Create a 2D histogram:
TH2F hpxpy("hpxpy","py vs px",30,-3,3,30,-3,3);
Use a 2-dimensional Gaussian with mean 0, width 1 (Rannor), fill the 2D histogram and draw:
Float_t py;
for (Int_t i = 0; i < stats; i++) {
r.Rannor(px,py);
hpxpy.Fill(px,py);
}
hpxpy.Draw();
c1.Draw();
Now we just see the hit distribution but it is hard to tell how many events are in each bin. We can use the COLZ
draw option instead:
hpxpy.Draw("COLZ");
c1.Draw();
Now we can see from the colour code the number of entries.
Or we can even draw it in a 3D-style:
hpxpy.Draw("SURF1");
c1.Draw();
Two-dimensional histograms are sometimes difficult to read, so it often makes sense to look at the one-dimensional profile.

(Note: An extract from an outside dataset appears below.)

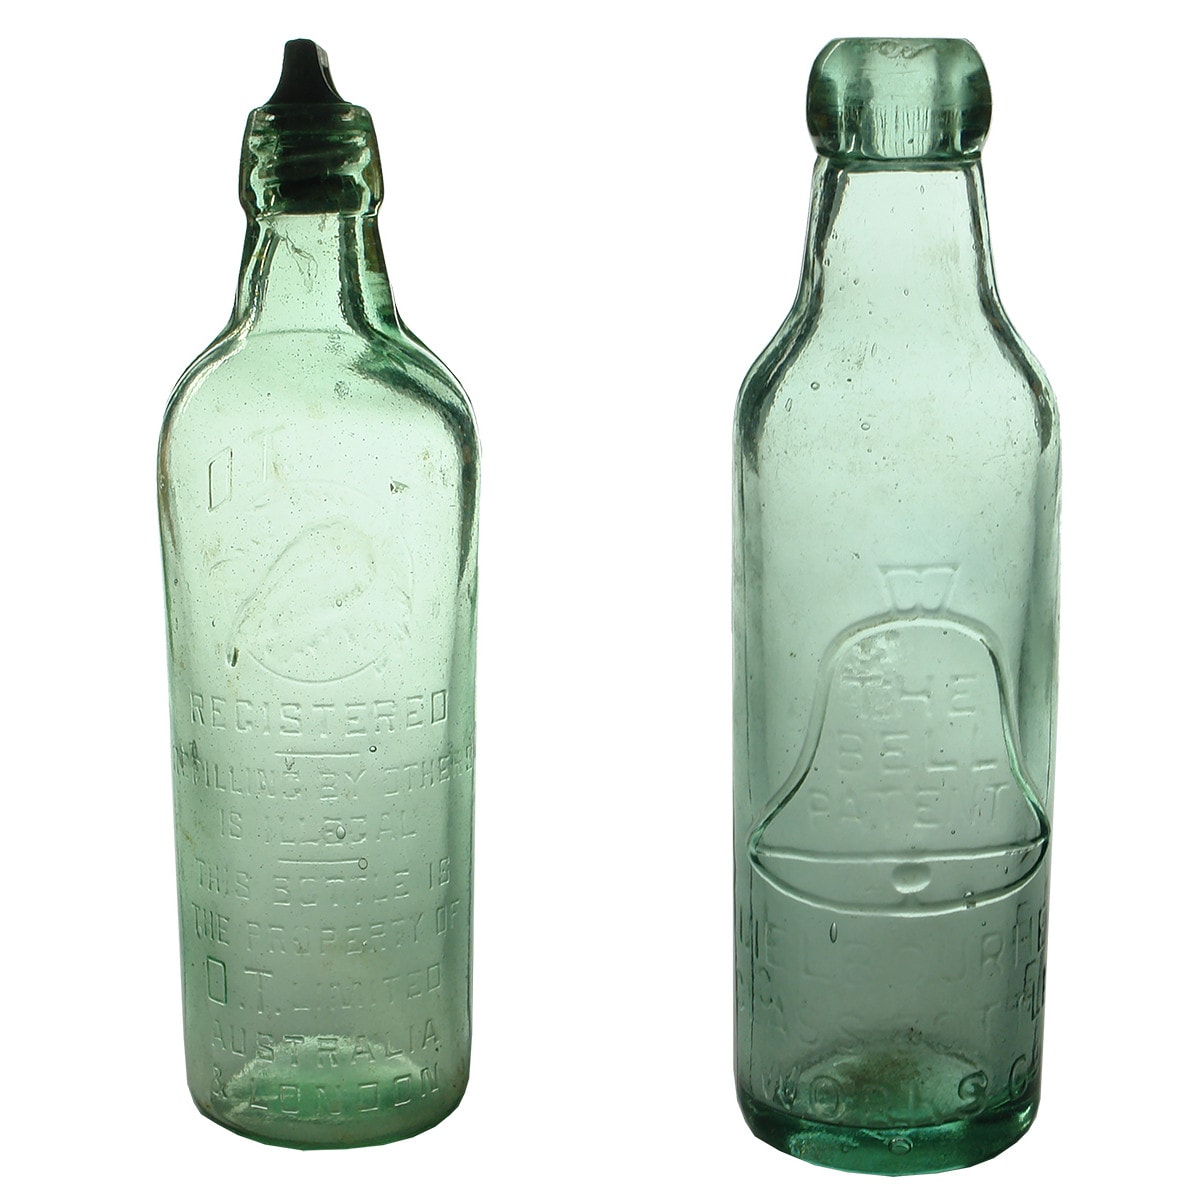 Pair of Aerated Waters: OT Limited Internal Thread and Bell Patent, Melbourne Glass Works. (Victoria)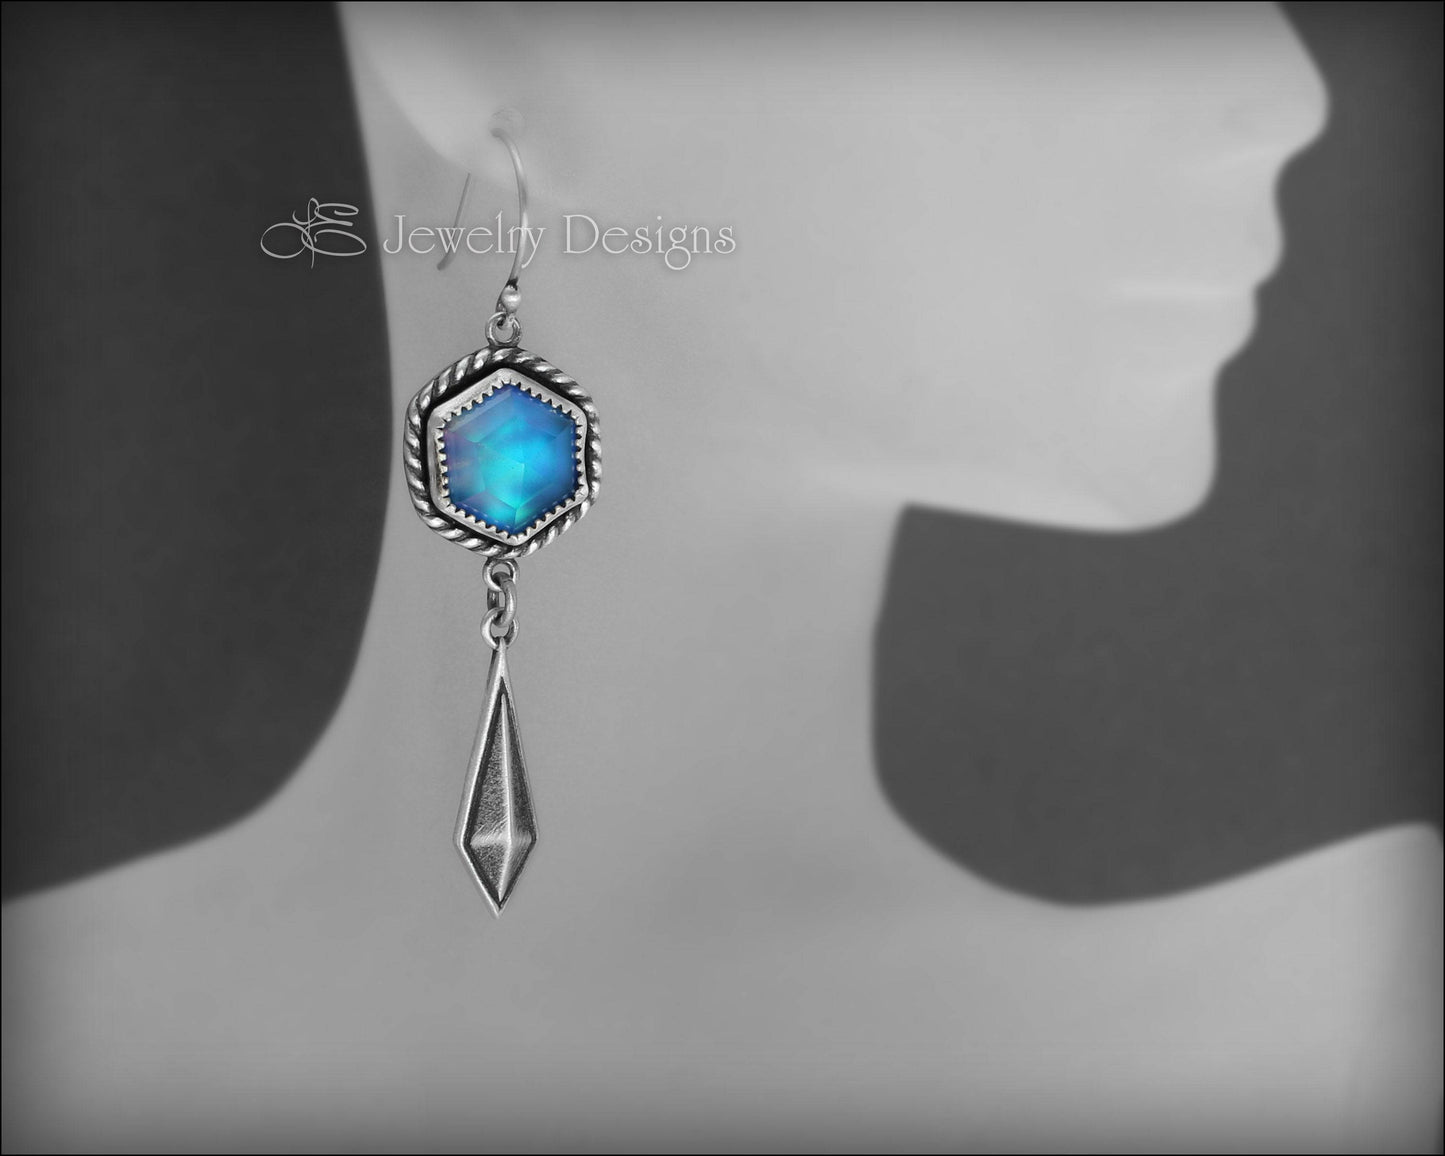 Load image into Gallery viewer, Rose Cut Hexagon Aurora Opal Earrings - LE Jewelry Designs

TProfile *hprof = new TProfile("hprof","Profile along px",30,-3,3,0,20);
hprof = hpxpy.ProfileX();
This is now a pointer to an object! We need to use ->
instead of .
hprof->Draw();
c1.Draw();
Well, that makes sense, the mean should be zero!
Assume that we measure a variable y vs x for a certain number of points n and we have an uncertainty on the measurement of y:
const int n=10;
double x[n] = {1,2,3,4,5,6,7,8,9,10};
double y[n] = {6,12,14,20,22,24,35,45,44,53};
double y_err[n]= {5,5,4.7,4.5,4.2,5.1,2.9,4.1,4.8,5.43};
We can then display our measurement using TGraphErrors, which allows for symmetric uncerstainties.
By using the APE
draw option the graph is shown with a new axis (A) markers (P) and errors (E).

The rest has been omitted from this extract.